Pathologic T1 high-grade (pT1HG) bladder cancer (BC) is characterized by a high progression rate and constitutes an important clinical challenge; however, there is no consensus on the prediction of progression in pT1HG BC. The purpose of this study was to validate previously published molecular progression risk score (MoPRS) for predicting muscle-invasive disease in pT1HG BC.

Materials and Methods:

The expression of an 8-gene progression-related classifier identified from microarray data was analyzed by real-time PCR, and the MoPRS was calculated in 121 newly recruited patients with pT1HG BC. Progression was defined as muscle invasion or metastasis.

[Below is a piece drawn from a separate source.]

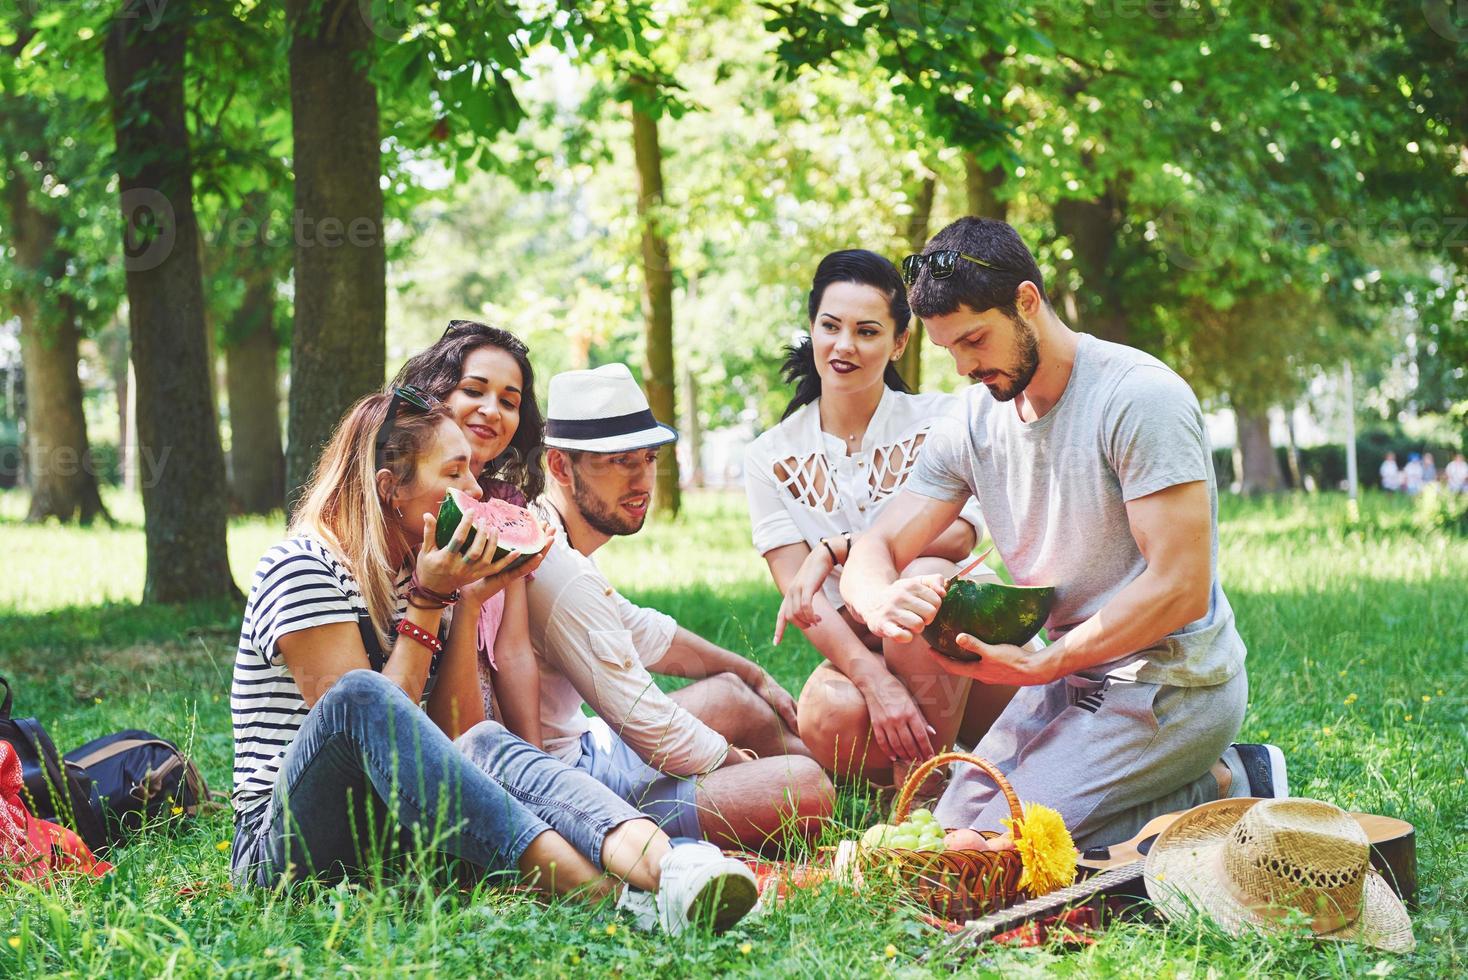 grupo de amigos fazendo piquenique em um parque em um dia ensolarado - pessoas saindo, se divertindo enquanto grelha e relaxa foto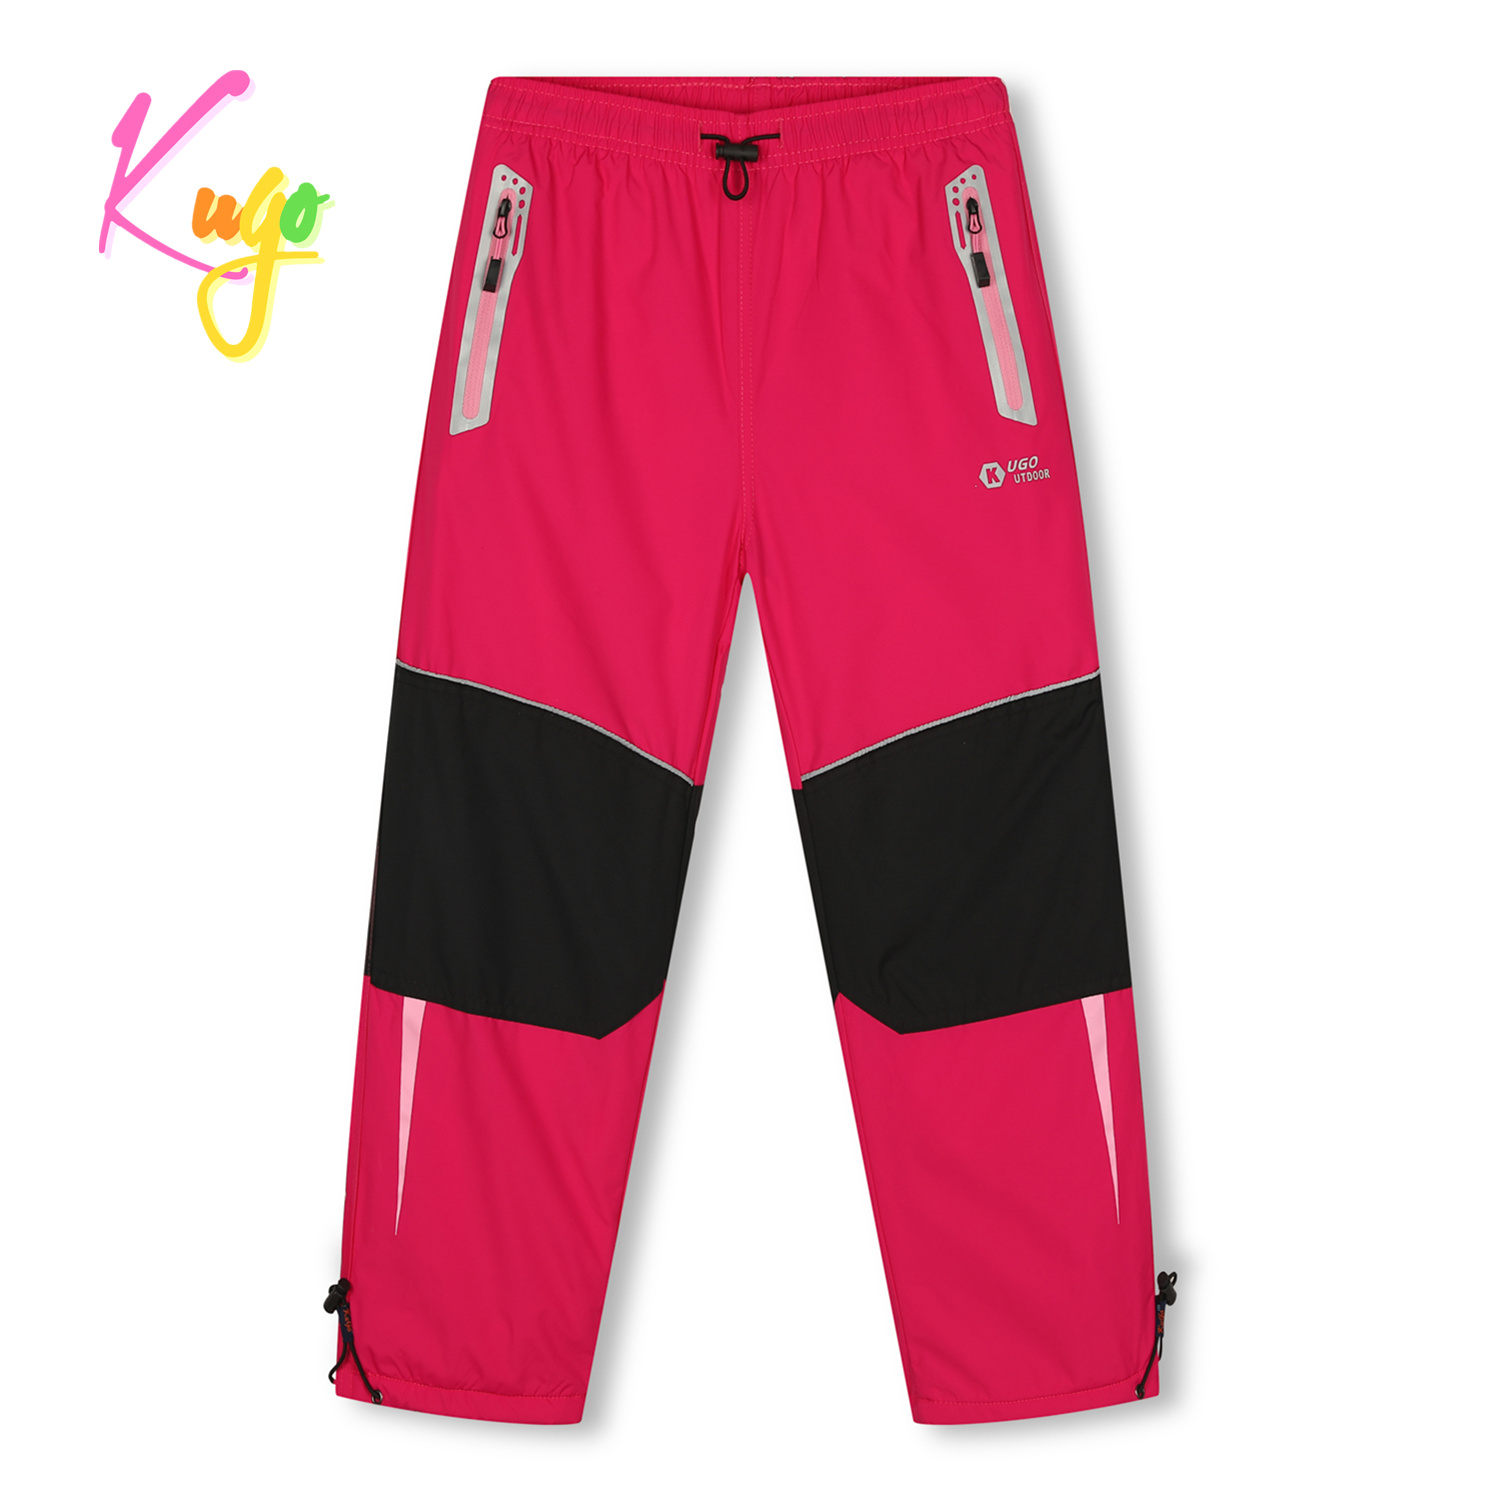 Dívčí šusťákové kalhoty, zateplené - KUGO DK7132, růžová Barva: Růžová, Velikost: 146

Overall, the disease of 28 patients (23.1%) progressed to muscle-invasive BC during the median follow-up of 63.7 (interquartile range, 17.6-96.4) months. The MoPRS was significantly higher in 1973 World Health Organization grade 3 than grade 2 tumors (P = .004). Early development of invasive BC was more prevalent in the highest quartile MoPRS group than in the lowest to 75th percentile MoPRS groups according to Kaplan-Meier analysis. Multivariate Cox regression analysis revealed that the MoPRS was an independent predictor of invasive BC, either as a continuous variable (hazard ratio, 1.624; 95% confidence interval, 1.266-2.082; P < .001) or as a categorical variable (hazard ratio, 3.089; 95% confidence interval, 1.335-7.150; P = .008).


The MoPRS was an independent prognostic factor for identifying patients at high risk of invasive BC in patients with pT1HG BC. This scale may help identify patients who could benefit from more aggressive therapeutic intervention such as early cystectomy.